--- Exercise data ---
# # # # #

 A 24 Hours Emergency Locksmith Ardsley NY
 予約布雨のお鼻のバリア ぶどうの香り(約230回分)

# # # # #

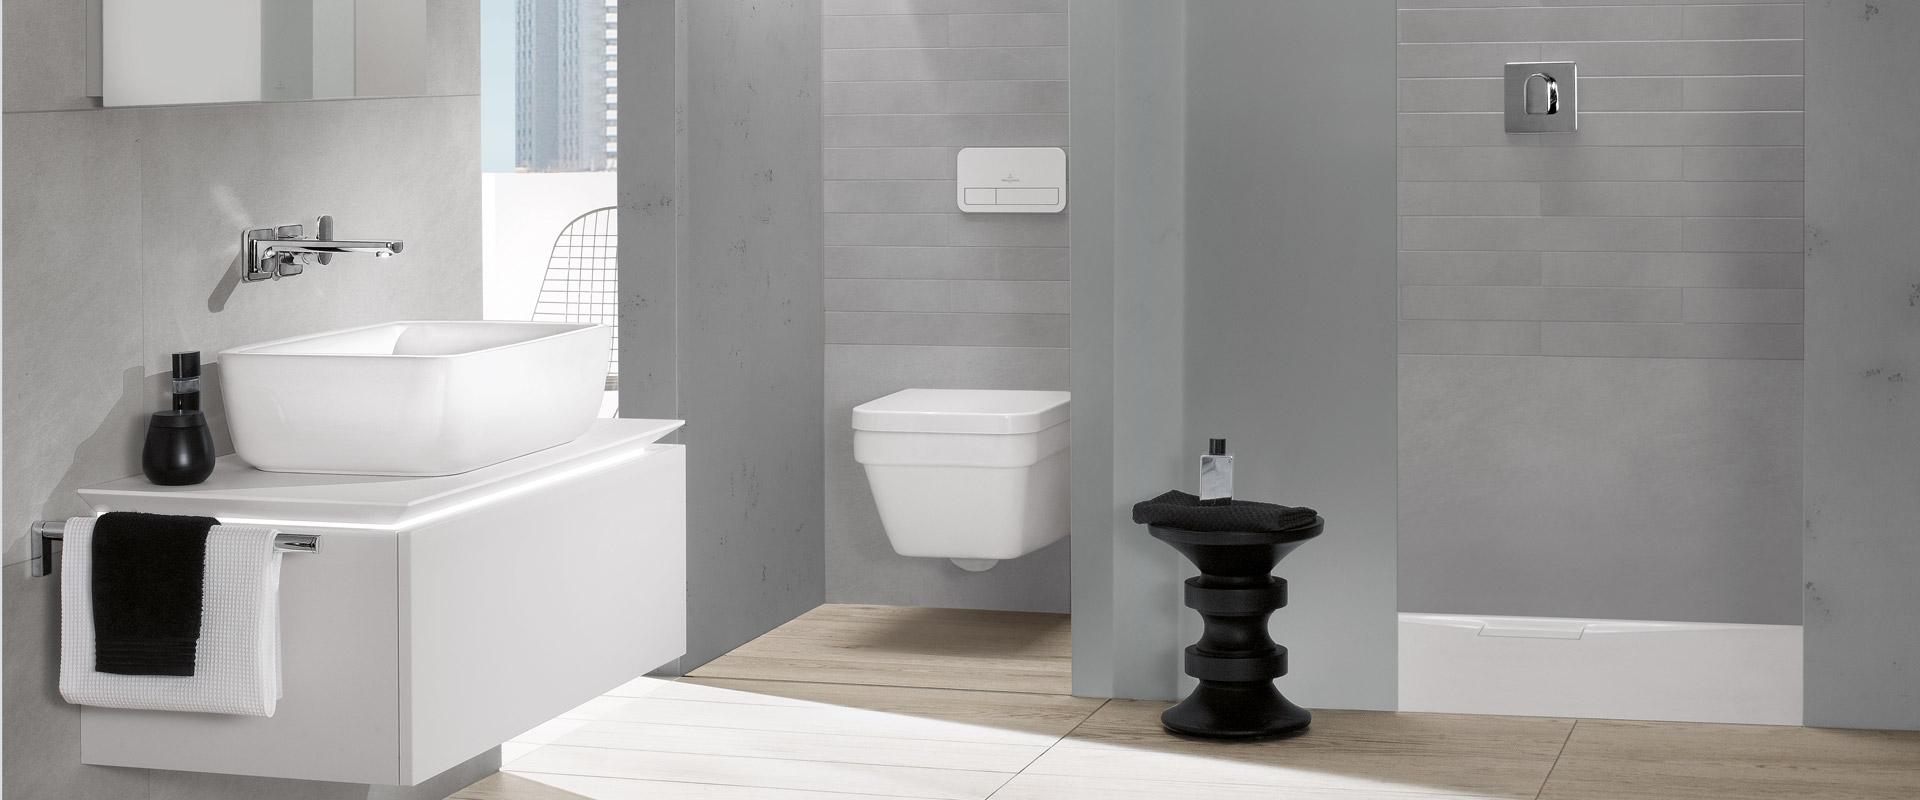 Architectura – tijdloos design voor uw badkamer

# # # # #

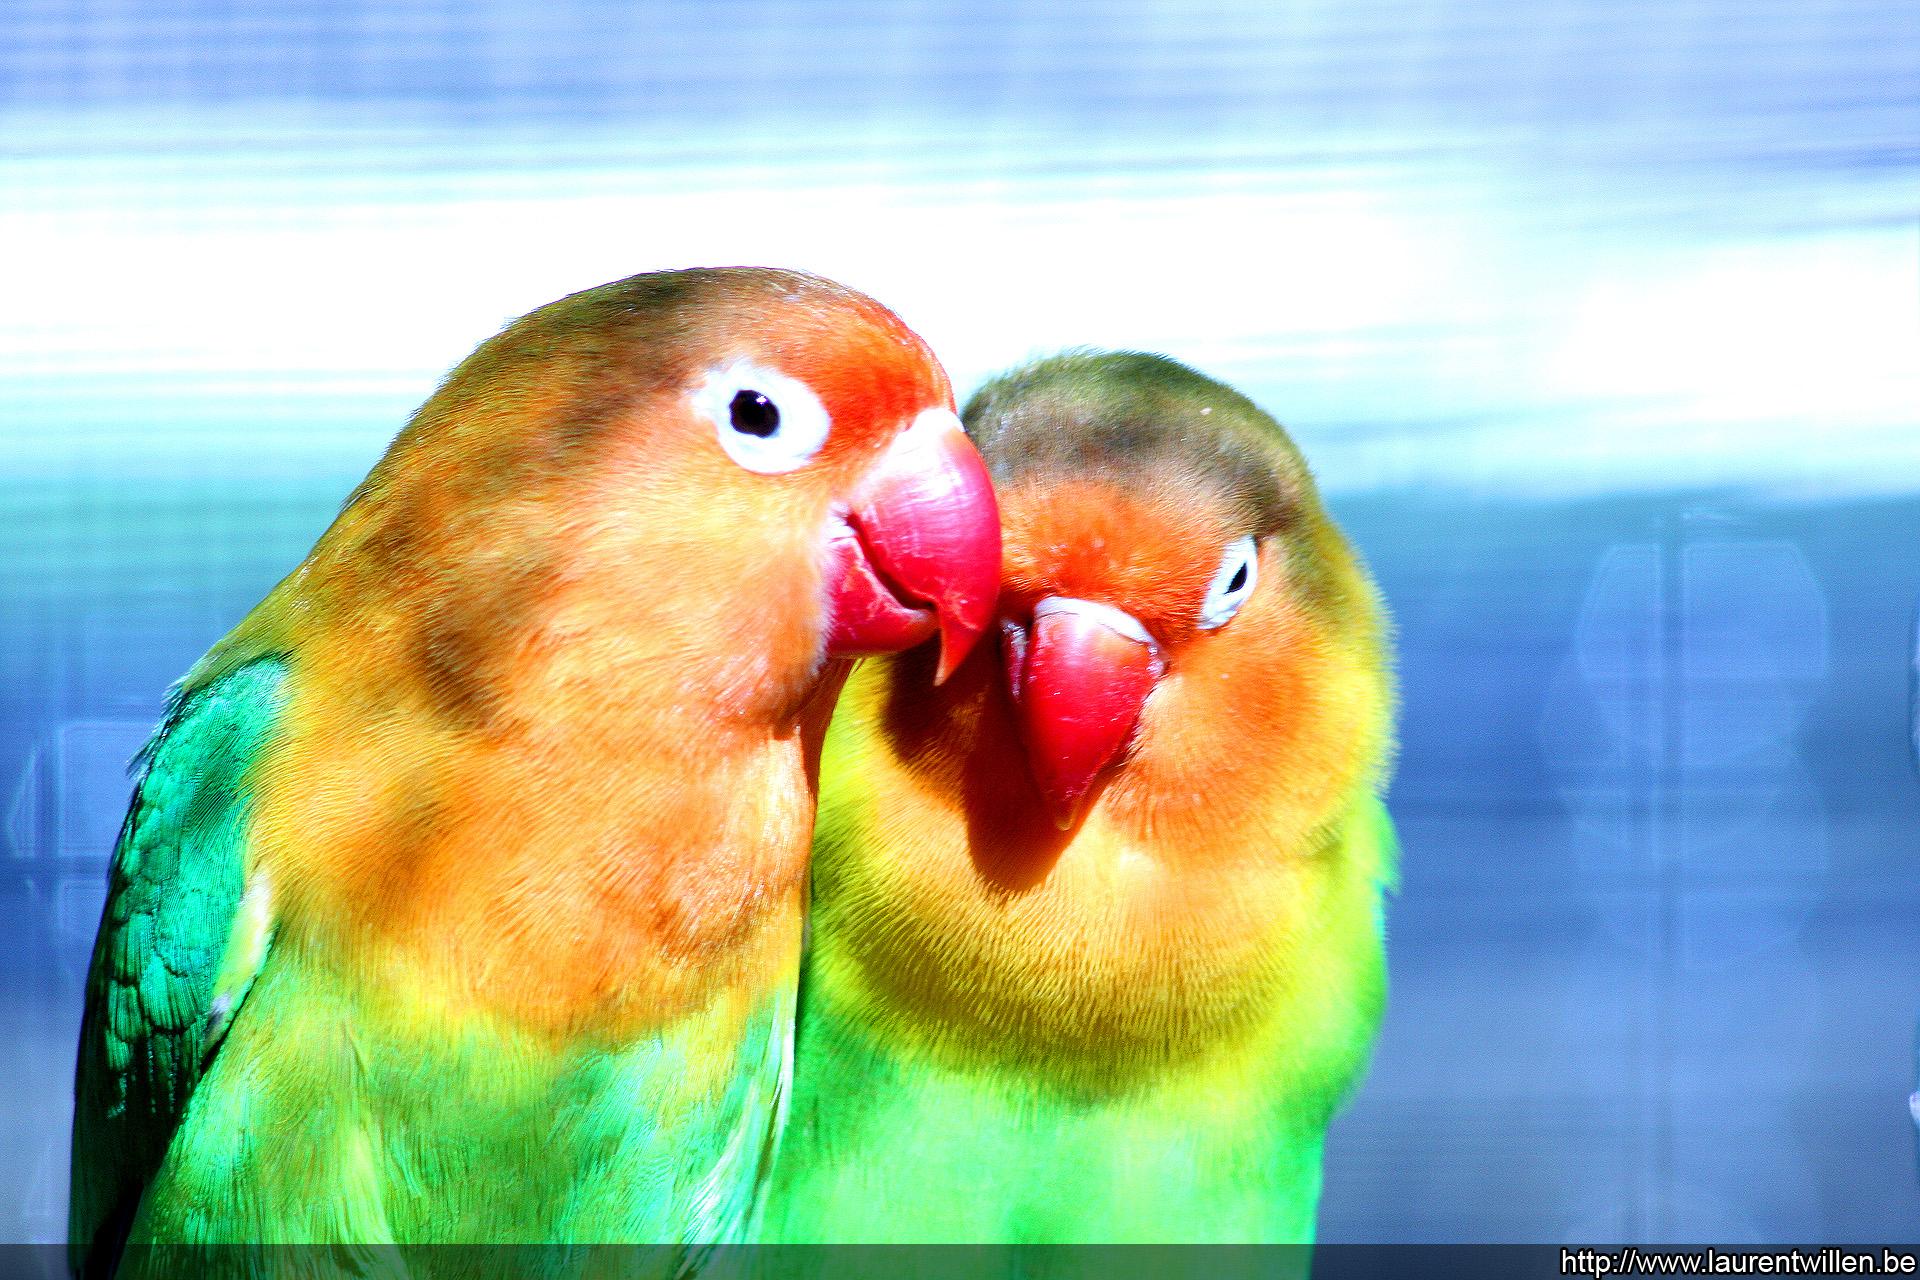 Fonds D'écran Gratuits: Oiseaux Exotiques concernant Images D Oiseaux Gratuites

# # # # #

--- Aim of the exercise ---
Only the lines above starting with the one with "A 24 Hours Emergency Locksmith Ardsley NY" and going through the one with "予約布雨のお鼻のバリア ぶどうの香り(約230回分)" are to be copied, word for word and with both ends kept.

--- Solution for this problem ---
 A 24 Hours Emergency Locksmith Ardsley NY
 予約布雨のお鼻のバリア ぶどうの香り(約230回分)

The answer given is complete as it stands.